See these two EFF articles about how Verizon puts a tracker ID in the header of a http request, circumventing anti-cookie measures:

How does this technically work? Can the user see that this header is inserted?

I don't have Verizon, so I can't test it. The EFF article mentions two websites that can test for this header. They require that you do not use wifi. Apparently Verizon only uses this for mobile browsing, but I guess this can be used for all browsing - not?

When I do the test on Am I Being Tracked with my phone (4G in Europe) I get the following message: Oops, we received a strange result. Is your Wifi still on? I'm not afraid that this is going on right now, just testing for fun, but still this is strange. Can I test this myself on a private website?

Is there a way to mess with this value? Insert a random user ID in the header with a browser addon or something?

Verizon uses X-UIDH. Other providers may use something else. Is there a way to test for this?

  • You could try setting the value yourself and seeing (with httpbin for example) if the proxy overrides it or leaves it untouched. If the latter, you can make a browser extension to set a random value on each request, thus defeating the tracking.
    – user42178
    Jan 17, 2015 at 17:14

2 Answers 2


Somehow I ended up on your question when googling for something else. Anyways:

Here is a website to test for the header: http://uidh.crud.net/ .

Verizon achieves this (adding the header info) by what is essentially a man in the middle attack on all HTTP traffic on port 80. Since they control the ingress and egress of your unencrypted data, it's pretty easy to modify the HTTP header information.
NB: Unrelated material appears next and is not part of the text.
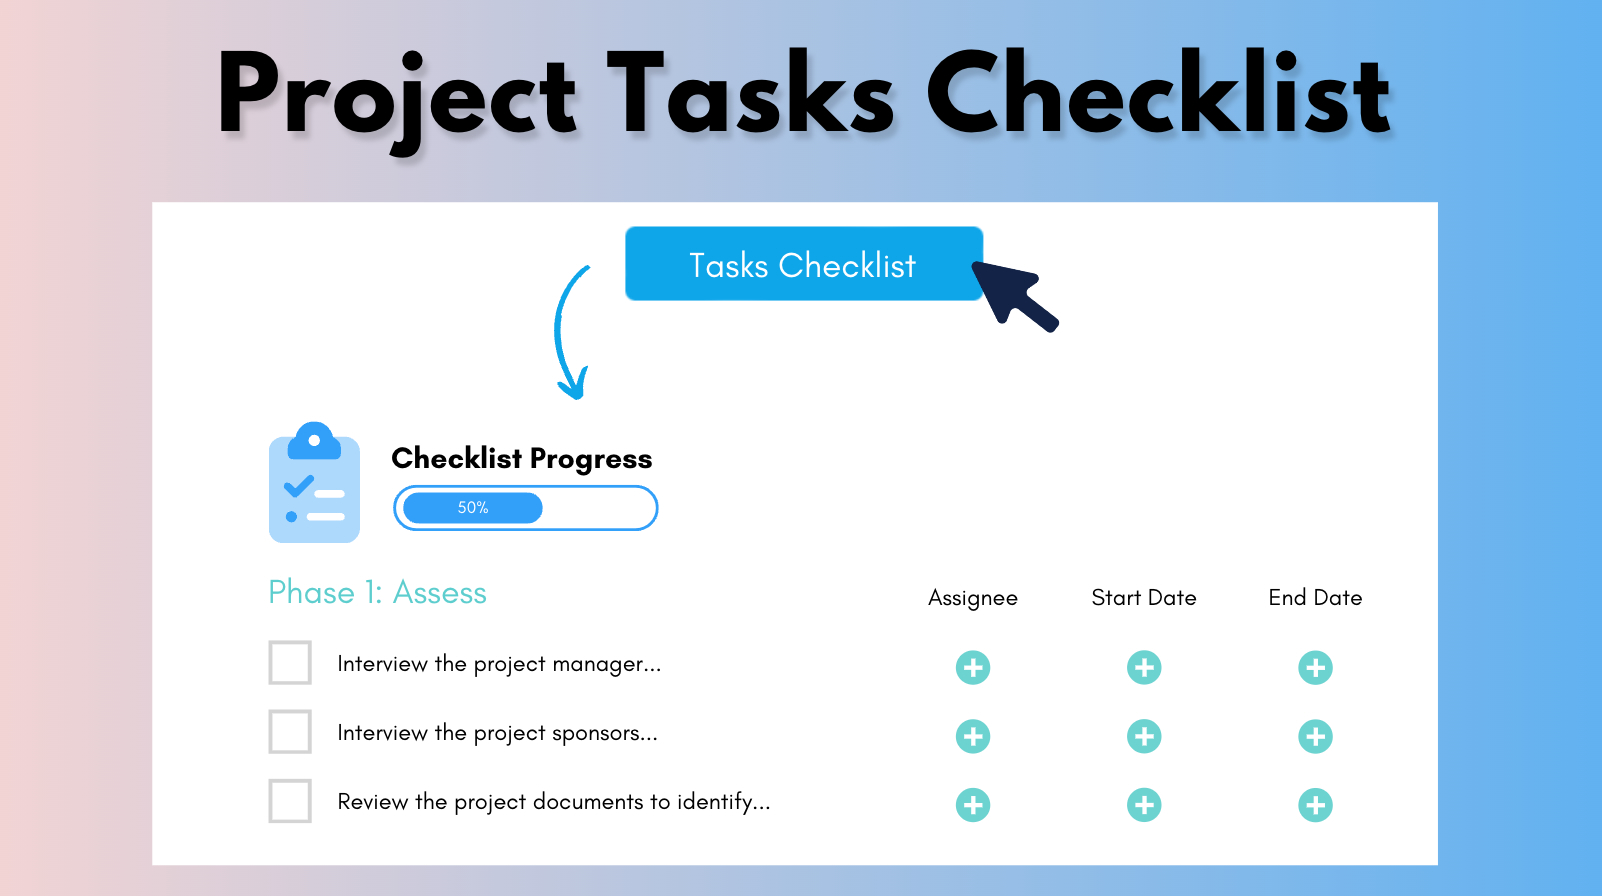 Tasks Checklist

That are tools out there, like fiddler for Windows, or any proxy server, that you can use to do the same thing to HTTP traffic.

Here is another site that will show you all the header information coming in your HTTP request upon arrival: http://browserspy.dk/headers.php .


All X- headers are experimental headers that haven't made it into the standards. You won't see anything about the header insertions if you don't inspect your headers at the appropriate point in the pipeline.

Also, look at this thread: https://stackoverflow.com/questions/3561381/custom-http-headers-naming-conventions

The abnf quoting indicates the seriousness of the discussion.

  • 2
    This really doesn't answer the question, the author couldn't care less whether they are experimental headers or not, he just wants to know how this tracking works and how can he prevent it.
    – user42178
    Jan 17, 2015 at 17:12
  • Well people should, because that means any X- headers are valid since they're all experimental.
    – munchkin
    Jan 17, 2015 at 17:57
  • 2
    Yeah but the author asked about how these headers are used for tracking and how can he prevent that.
    – user42178
    Jan 17, 2015 at 18:34
  • Well, if the ietf would just stop accepting X- headers as valid for developers, wouldn't that stop the problem? Just pointing out the reason.